◆ **Dataset content**:

══════════════════════════════

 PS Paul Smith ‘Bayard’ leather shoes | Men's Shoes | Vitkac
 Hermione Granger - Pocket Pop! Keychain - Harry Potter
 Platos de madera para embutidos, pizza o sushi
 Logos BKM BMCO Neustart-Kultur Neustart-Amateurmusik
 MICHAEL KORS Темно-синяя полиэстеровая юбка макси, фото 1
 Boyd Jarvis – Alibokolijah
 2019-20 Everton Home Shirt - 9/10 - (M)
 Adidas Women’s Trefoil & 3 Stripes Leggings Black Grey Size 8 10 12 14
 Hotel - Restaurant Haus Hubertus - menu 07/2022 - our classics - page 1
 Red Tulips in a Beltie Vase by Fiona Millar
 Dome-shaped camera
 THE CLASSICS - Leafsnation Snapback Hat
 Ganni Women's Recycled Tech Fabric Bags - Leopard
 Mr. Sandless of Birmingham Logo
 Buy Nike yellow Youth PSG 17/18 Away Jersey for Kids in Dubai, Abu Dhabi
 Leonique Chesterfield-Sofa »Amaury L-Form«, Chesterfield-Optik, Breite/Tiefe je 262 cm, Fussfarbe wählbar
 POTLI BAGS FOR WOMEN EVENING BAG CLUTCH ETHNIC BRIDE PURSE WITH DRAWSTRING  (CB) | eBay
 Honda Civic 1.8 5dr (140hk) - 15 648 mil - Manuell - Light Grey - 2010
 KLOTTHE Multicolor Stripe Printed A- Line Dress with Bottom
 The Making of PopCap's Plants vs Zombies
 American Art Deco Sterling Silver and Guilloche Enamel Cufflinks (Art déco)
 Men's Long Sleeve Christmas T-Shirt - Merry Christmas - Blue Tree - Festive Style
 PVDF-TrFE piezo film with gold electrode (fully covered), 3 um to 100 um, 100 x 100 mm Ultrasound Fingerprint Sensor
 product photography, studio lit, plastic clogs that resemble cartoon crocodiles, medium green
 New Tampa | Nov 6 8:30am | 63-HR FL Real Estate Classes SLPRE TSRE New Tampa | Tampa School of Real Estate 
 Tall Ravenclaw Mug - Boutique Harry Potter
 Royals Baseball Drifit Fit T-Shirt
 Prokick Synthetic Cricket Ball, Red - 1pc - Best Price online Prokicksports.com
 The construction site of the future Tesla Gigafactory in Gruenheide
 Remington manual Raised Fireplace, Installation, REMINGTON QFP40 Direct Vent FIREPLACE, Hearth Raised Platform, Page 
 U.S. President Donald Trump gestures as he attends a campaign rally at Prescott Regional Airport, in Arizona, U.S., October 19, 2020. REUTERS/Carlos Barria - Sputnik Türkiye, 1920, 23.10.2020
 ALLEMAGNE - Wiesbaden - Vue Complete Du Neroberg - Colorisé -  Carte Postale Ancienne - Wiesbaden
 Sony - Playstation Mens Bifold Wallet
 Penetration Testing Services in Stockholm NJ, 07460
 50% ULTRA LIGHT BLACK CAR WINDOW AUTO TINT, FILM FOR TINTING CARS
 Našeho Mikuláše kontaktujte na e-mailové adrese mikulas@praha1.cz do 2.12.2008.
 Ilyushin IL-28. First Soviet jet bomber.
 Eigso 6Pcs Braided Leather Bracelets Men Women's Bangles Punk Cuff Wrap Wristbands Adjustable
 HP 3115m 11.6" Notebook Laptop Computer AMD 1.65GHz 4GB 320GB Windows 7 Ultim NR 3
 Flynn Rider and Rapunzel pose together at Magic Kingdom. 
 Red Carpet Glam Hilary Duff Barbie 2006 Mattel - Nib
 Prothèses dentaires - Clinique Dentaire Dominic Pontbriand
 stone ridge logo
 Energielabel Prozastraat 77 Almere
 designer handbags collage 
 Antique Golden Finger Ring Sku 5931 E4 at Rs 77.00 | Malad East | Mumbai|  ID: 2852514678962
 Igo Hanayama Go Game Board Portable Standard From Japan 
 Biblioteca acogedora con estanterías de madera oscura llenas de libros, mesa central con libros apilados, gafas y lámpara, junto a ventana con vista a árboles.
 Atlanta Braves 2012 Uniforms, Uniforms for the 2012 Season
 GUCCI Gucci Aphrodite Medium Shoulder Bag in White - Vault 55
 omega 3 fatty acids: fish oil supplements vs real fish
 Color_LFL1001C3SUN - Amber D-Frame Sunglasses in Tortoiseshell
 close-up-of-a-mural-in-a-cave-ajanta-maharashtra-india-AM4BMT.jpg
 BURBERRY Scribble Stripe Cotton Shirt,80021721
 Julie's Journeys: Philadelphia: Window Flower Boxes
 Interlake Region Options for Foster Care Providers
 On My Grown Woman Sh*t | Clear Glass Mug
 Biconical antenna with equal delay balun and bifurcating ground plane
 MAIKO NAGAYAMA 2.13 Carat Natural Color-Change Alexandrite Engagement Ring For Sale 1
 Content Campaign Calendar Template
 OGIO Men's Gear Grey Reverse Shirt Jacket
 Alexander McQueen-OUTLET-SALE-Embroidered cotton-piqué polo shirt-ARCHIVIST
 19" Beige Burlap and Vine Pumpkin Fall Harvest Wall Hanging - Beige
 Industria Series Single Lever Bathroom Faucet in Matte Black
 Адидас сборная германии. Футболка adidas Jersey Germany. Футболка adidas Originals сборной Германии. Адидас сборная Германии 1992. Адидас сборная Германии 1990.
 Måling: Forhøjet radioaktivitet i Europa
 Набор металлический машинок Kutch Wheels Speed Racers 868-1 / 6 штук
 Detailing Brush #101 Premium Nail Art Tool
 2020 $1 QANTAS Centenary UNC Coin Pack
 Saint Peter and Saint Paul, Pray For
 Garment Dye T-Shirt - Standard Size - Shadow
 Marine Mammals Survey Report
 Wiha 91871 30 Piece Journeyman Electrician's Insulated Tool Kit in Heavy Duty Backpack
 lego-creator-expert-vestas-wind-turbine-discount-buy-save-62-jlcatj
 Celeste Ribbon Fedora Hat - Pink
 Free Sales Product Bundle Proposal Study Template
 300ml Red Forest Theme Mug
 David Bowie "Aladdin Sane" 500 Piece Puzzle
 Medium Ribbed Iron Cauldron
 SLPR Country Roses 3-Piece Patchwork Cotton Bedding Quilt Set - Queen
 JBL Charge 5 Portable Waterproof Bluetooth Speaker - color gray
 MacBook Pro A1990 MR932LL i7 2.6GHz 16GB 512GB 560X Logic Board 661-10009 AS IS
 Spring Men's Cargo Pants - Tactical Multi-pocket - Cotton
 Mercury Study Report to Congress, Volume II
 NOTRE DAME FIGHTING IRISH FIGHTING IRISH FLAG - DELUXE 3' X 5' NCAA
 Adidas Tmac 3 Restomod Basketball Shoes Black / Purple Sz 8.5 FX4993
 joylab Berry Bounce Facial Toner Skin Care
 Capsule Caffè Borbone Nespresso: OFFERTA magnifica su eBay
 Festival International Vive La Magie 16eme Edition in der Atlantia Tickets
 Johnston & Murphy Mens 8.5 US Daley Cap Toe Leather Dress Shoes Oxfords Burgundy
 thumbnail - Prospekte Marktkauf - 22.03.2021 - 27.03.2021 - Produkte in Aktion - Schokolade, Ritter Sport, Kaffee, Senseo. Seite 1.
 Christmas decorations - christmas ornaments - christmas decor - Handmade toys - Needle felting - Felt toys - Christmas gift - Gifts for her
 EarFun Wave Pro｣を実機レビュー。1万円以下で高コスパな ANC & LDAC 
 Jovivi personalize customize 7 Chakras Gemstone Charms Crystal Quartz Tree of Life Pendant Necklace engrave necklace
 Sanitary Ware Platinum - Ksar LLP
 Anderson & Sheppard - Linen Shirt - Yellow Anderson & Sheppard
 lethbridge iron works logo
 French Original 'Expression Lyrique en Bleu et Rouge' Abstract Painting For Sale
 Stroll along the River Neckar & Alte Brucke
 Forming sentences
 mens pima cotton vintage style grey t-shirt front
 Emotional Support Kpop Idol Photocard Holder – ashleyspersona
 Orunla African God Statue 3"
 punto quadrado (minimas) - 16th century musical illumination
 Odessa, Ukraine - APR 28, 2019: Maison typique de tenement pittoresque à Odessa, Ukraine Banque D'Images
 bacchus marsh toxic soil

══════════════════════════════

Would you print exactly, and only, the lines of the data above from the line with "2020 $1 QANTAS Centenary UNC Coin Pack" through the line with "Celeste Ribbon Fedora Hat - Pink", inclusive?

◆ **Solution for this problem**:
 2020 $1 QANTAS Centenary UNC Coin Pack
 Saint Peter and Saint Paul, Pray For
 Garment Dye T-Shirt - Standard Size - Shadow
 Marine Mammals Survey Report
 Wiha 91871 30 Piece Journeyman Electrician's Insulated Tool Kit in Heavy Duty Backpack
 lego-creator-expert-vestas-wind-turbine-discount-buy-save-62-jlcatj
 Celeste Ribbon Fedora Hat - Pink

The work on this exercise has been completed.